Set*Fields( ) sets the fields of the *Record to the given Vector (of *Fields) - that means, set*Fields erases all the "old" fields (the "old" Vector) and replaces them by the "new" fields which are passed in a Vector. This is the place where you have to do your "downward" mapping (mapping the generic pimAL fields to the native data structure).
The usage of these methods to manipulate PIM data works as follows (as described above): Get the *Fields-Vector with get*Fields(), manipulate it (remove datasets, ...) and then store it back in the *Record via set*Fields().

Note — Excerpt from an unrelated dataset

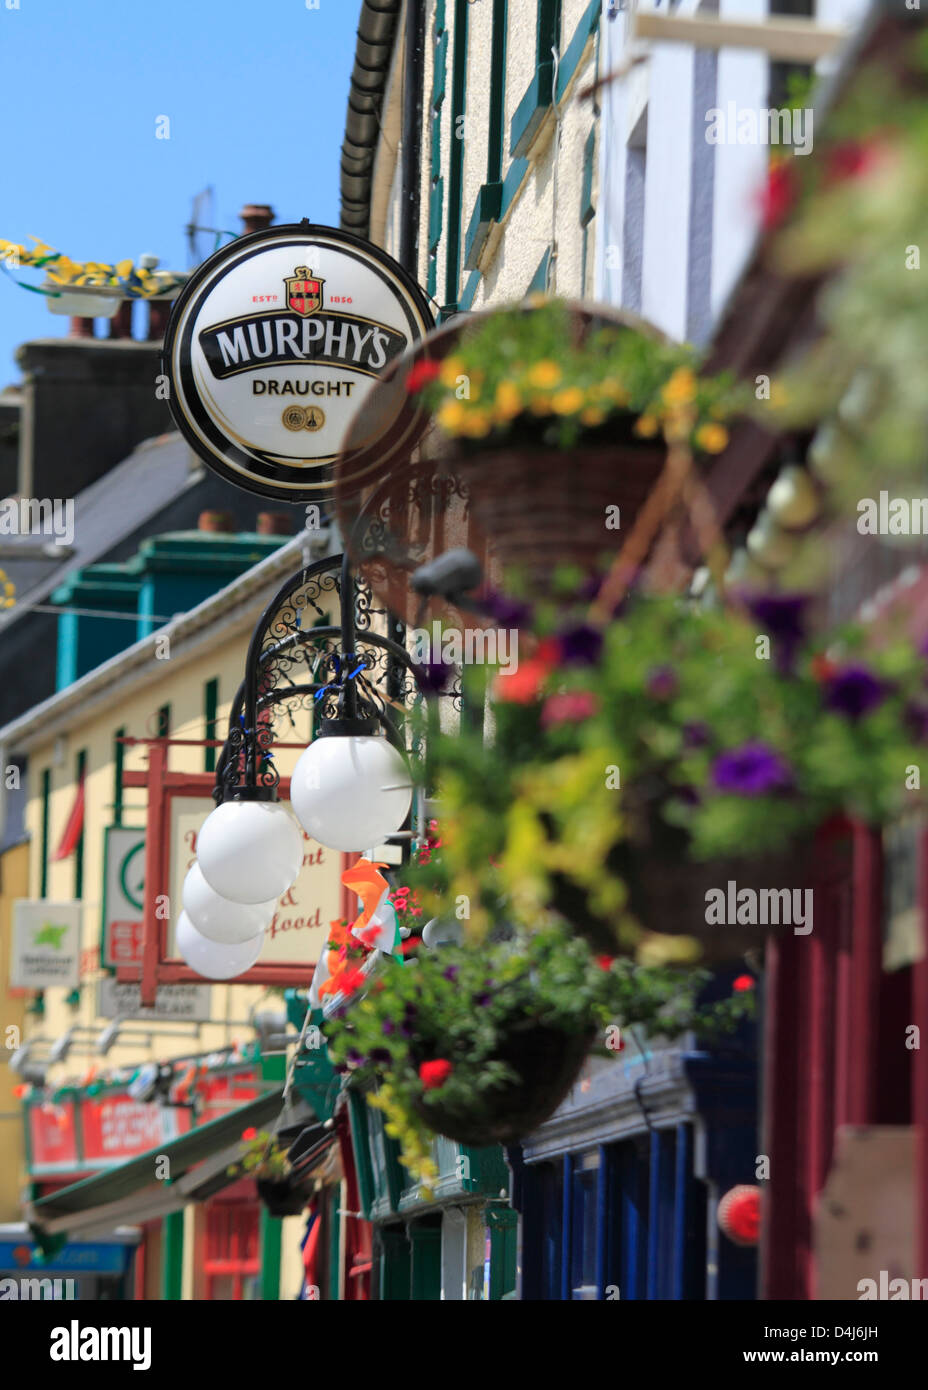 Traditional Irish Shop fronts and pub Murphys Irish Stout signs in the village of Schull, West County cork, Republic of Ireland Stock Photo

3.3.2 How to support storage of more types of data
Storing more different types of data is relatively easy in this framework. There are basically two alternatives of extending the storage capabilities:
In the first alternative, you may want to support another application (e.g. like Palm's "Expenses"). You would have to define a new create method in PIMFactory and in it's derived classes. Since you will probably only want to support one platform (e.g. Palm) at the moment, you can extend other PIMFactories by creating methods, that simply throw NotSupportedByDeviceExceptions. You should then create interfaces for books and records, as well as a device-independent class for fields. Please consider the portability when designing these interfaces and classes, since they will be the base for implementations on other devices. When you're done, you'll have to implement the device specific classes that implement the interfaces you defined.

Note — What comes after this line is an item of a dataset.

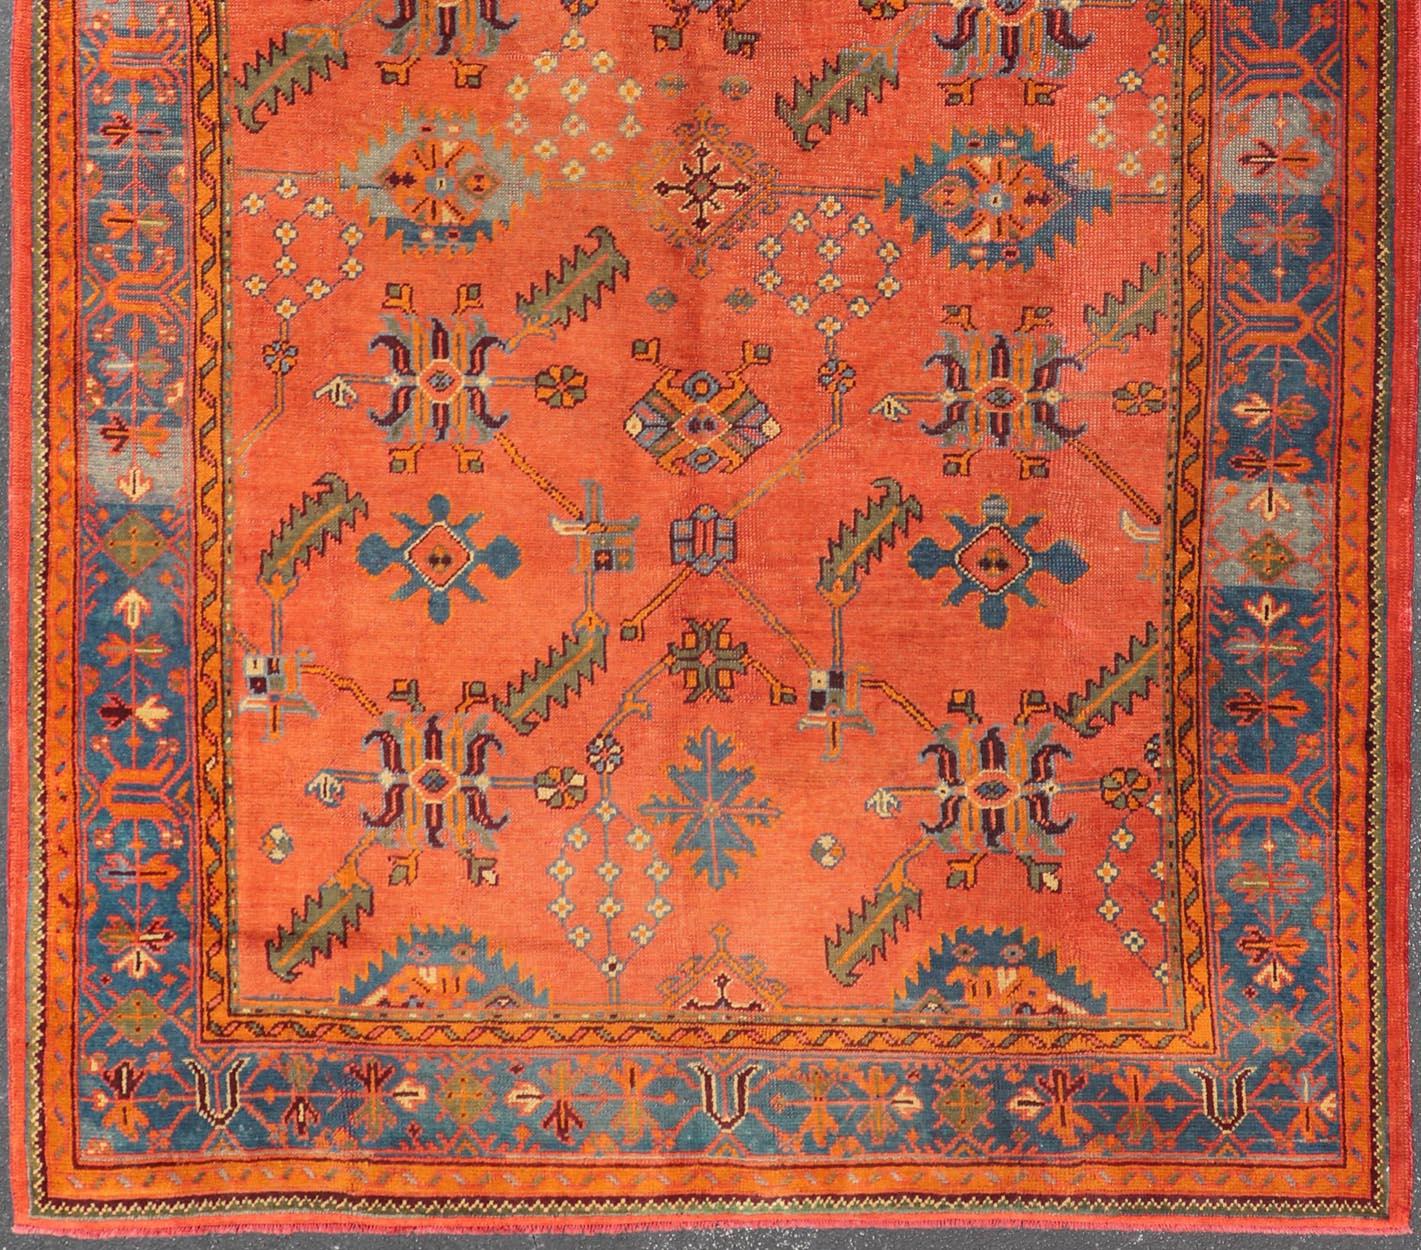 Antique Turkish Oushak Colorful Rug With All-Over Design In Salmon and Blue's  For Sale 6

In the second alternative, you may want to support a data type that is not stored in an already supported application yet. If there was already a key for this data type, you will simply have to implement ways of writing it to and reading it from the desired device into the corresponding "Record" class. If there's no key, you will have to add the key, to the "Field" class and do the same. Existing applications will not be affected by this change, since they simply ignore fields with that key.
4 Conclusion and Perspective
Concluding we can say, that the pimAL framework provides a good way to access PIM data on different platforms. It might be more complicated and more difficult to understand than a platform specific implementation, but this is the price for independence.
Although the pimAL framework covers most of the functionality of the supported platforms, we have to admit, that there are features of specific implementations that simply cannot be supported. Take search functionalities for example. Every platform offers different capabilities to search for records. The approach to take the maximum flexibility and to implement it on every platform is not realizable, because of some platforms lacking CPU power and data thruput. If you're developing an application that accesses PIM data on the device, you have to decide, if you want to use these features, or if you want to develop your software in a way that makes it more independent from changes or other platforms you haven't thought of initially. The pimAL framework provides a good basis for this.
Finally, we want to remind you of this software being part of the SuperWaba project and thus being free and open source software. There are still many improvements and features, that can be added and maybe also some bugs. We encourage you to fix or at least report bugs and to send in any improvements or proposals you have for pimAL.